LangChain is a framework designed to streamline the development of applications utilizing large language models (LLMs). As a language model integration framework, LangChain supports a wide range of use cases including document analysis and summarization, and chatbots.

Llama 3

Llama 3 is the next-generation open-source LLM developed by Meta that's been trained on internet-scale data. This allows it to understand and comprehensively respond to language, making it suitable for tasks like writing creative content, translating languages, and answering queries in an informative way.

Gradio UI

Gradio is an open-source Python package that allows you to quickly build a demo or web application for your machine learning model, API, or any Python function. You can then share a link to your demo or web application in just a few seconds using Gradio's built-in sharing features.

E2E Cloud

E2E’s AI development platform, TIR, allows you to host LLMs and fine-tune them easily. TIR has seamless integration with PGVector and Llama 3 – and we can use that as well as an alternative deployment option.

Ollama

Ollama is a streamlined open-source tool used for running open-source LLMs locally, like Llama 2, Mistral, Falcon, etc. Ollama bundles all the necessary ingredients for the model to function locally including model core data (weights), instruction (configuration), and dataset into a neat package managed by a modelfile.

To use Ollama, one simply needs to download it from the website. It's available for macOS, Linux, and Windows.

Let's Code

Since we are working with a locally deployed LLM, we need an advanced GPU for our task. E2E Cloud provides a range of GPUs geared towards building AI applications. You can check out the offerings at https://myaccount.e2enetworks.com/.

Go ahead and register, and then launch a GPU node. Alternatively, you can head to TIR and launch a Llama 3 endpoint and a PGVector endpoint.

Loading all the libraries:


import gradio as gr
from langchain_community.document_loaders import TextLoader  
from langchain.text_splitter import CharacterTextSplitter
from langchain.embeddings import HuggingFaceEmbeddings
from langchain_postgres.vectorstores import PGVector
from langchain.chains import RetrievalQA
from langchain_community.llms import Ollama

Load the text and split it into manageable chunks.

To simulate real-time data updates, we are using the Faker library to generate dynamic data. Here, we’re creating log files and refreshing the data every 60 seconds.
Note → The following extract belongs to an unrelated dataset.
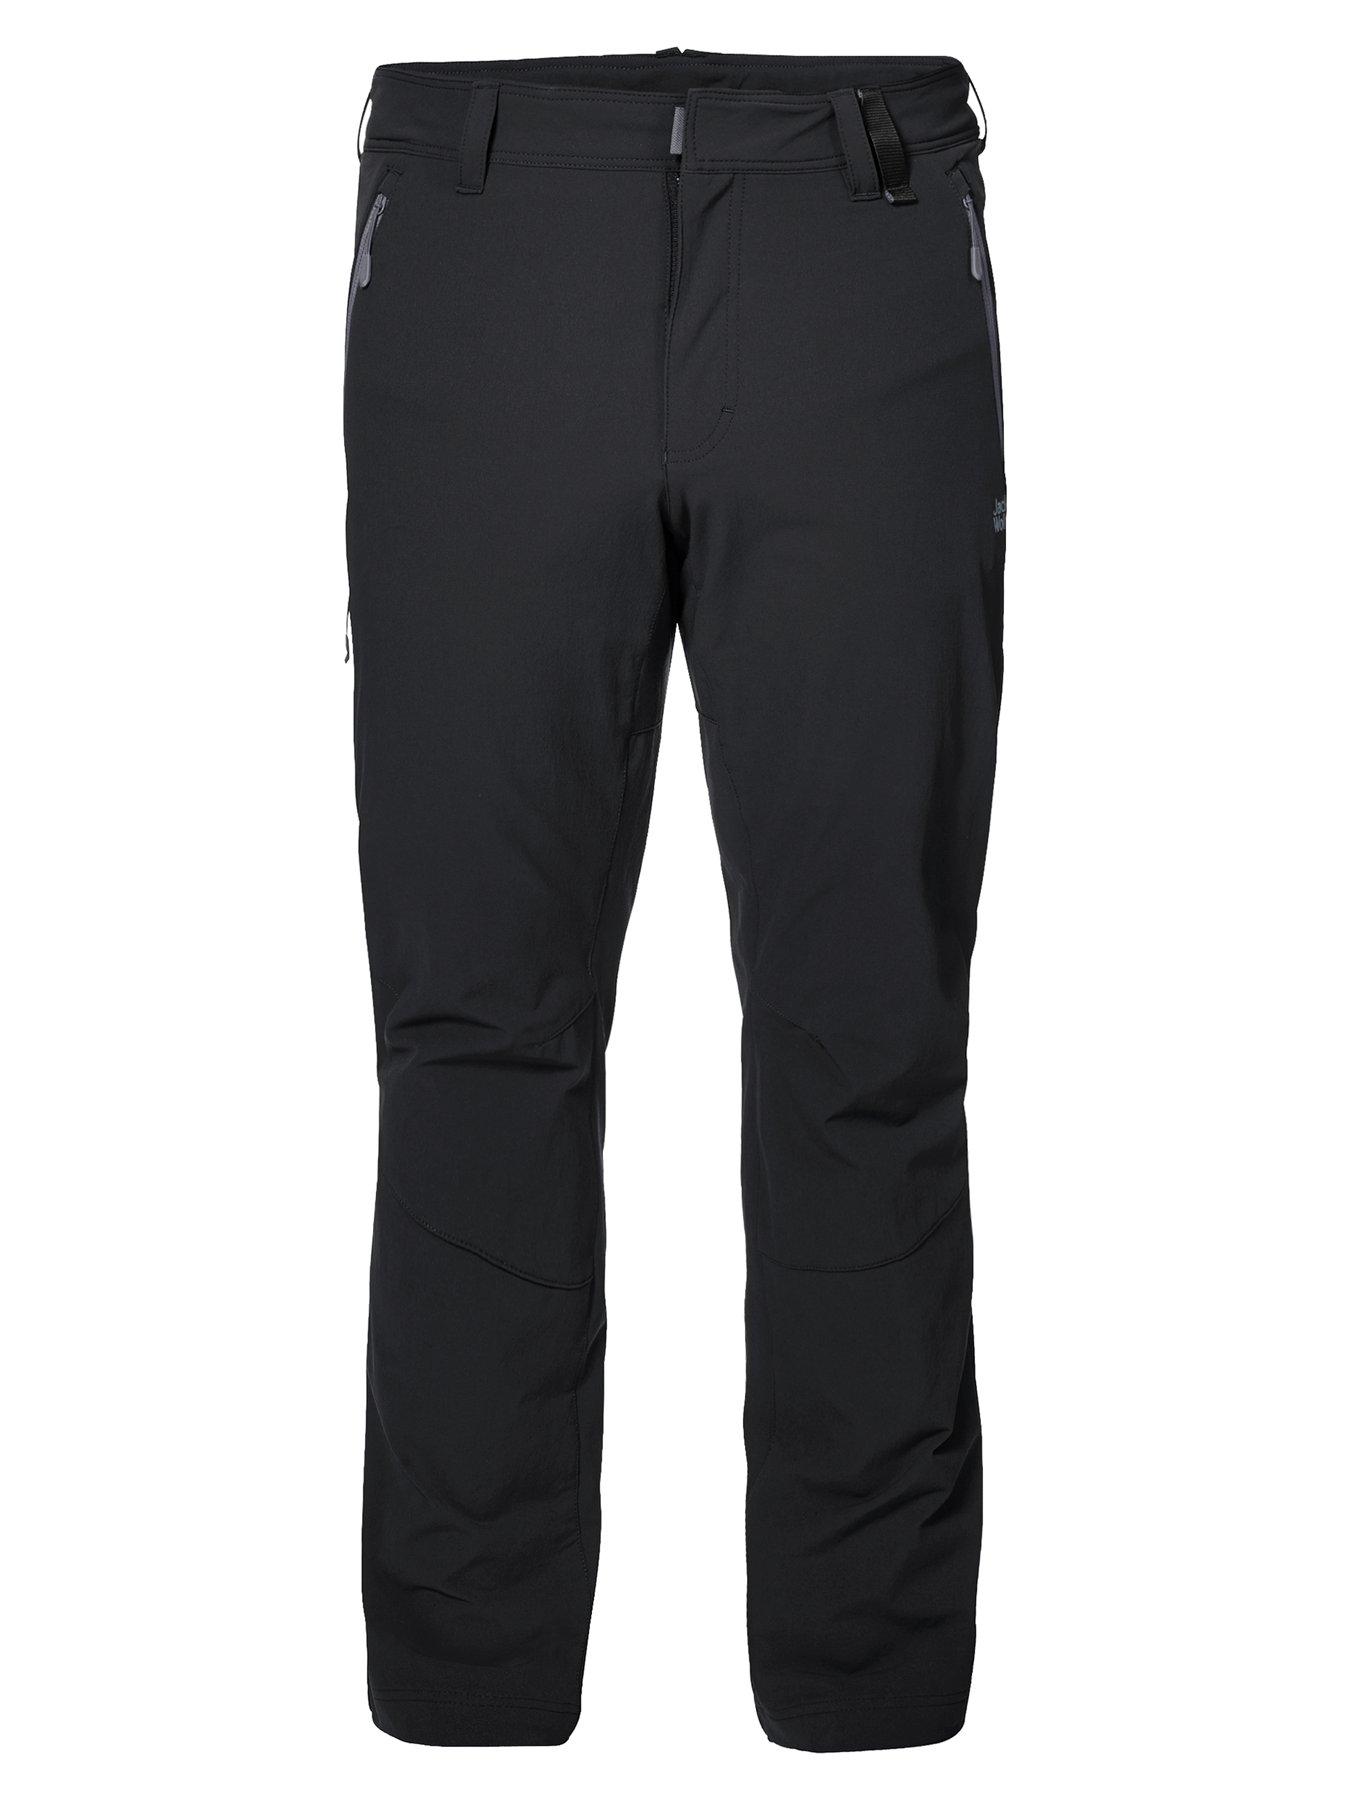 Joggers Active X Trousers - Black

You can customize it with your own real-time data as needed.


# Initialize Faker for generating fake data
fake = Faker()

Configure logging with direct file path
log_file_path = "Path_to_file"
logging.basicConfig(filename=log_file_path, level=logging.DEBUG, format='%(asctime)s - %(message)s')
Function to generate fake log data with detailed text content
def generate_fake_logs():
    for _ in range(1):  # Generate 1 log entry each time
        # Generate a random timestamp
        timestamp = time.strftime('%Y-%m-%dT%H:%M:%S.') + str(random.randint(100000, 999999))
        ip_address = ".".join(str(random.randint(0, 255)) for _ in range(4))
        user_agent = fake.user_agent()
        details_text = fake.paragraph(nb_sentences=5)
        # Generate the log entry with detaile
        log_entry = f"{timestamp} - {ip_address} - {user_agent} - {details_text}"
        # Write the log entry to the log file
        logging.info(log_entry)
Function to update the log file with new log data
def update_log_file():
    while True:
        generate_fake_logs()  # Generate new log data
        logging.info("Updating log file with new data")
        time.sleep(60)  # Wait for 1 minute before updating again
Start a thread to update the log file in the background
log_thread = threading.Thread(target=update_log_file)
log_thread.daemon = True
log_thread.start()
Function to load and reprocess the document
def load_and_reprocess_documents():
    loader = TextLoader(log_file_path)
    documents = loader.load()
    return documents
Function to add documents to the vector store
def update_vector_store():
    my_logs = load_and_reprocess_documents()
    vectorstore.add_documents(my_logs, replace=True)
Initially load and add documents to the vector store
update_vector_store()

Connecting to PGVector database and storing embedding:

You can run the following command to spin up a Postgres container with the PGVector extension:


docker run --name pgvector-container -e POSTGRES_USER=langchain -e POSTGRES_PASSWORD=langchain -e POSTGRES_DB=langchain -p 6024:5432 -d pgvector/pgvector:pg16

Database connection string connection ="postgresql+psycopg://langchain:langchain@localhost:6024/langchain" collection_name = "my_docs" # Name of the collection in the database

vectorstore = PGVector( embeddings=embeddings, # Use the initialized embeddings collection_name=collection_name, # Specify the collection name connection=connection, # Database connection use_jsonb=True, )

‍

Once our connection to PGVector is established and we’ve created our container, we can start adding real-time data using the code below. Then we’ll use a retriever to access the stored embeddings when needed.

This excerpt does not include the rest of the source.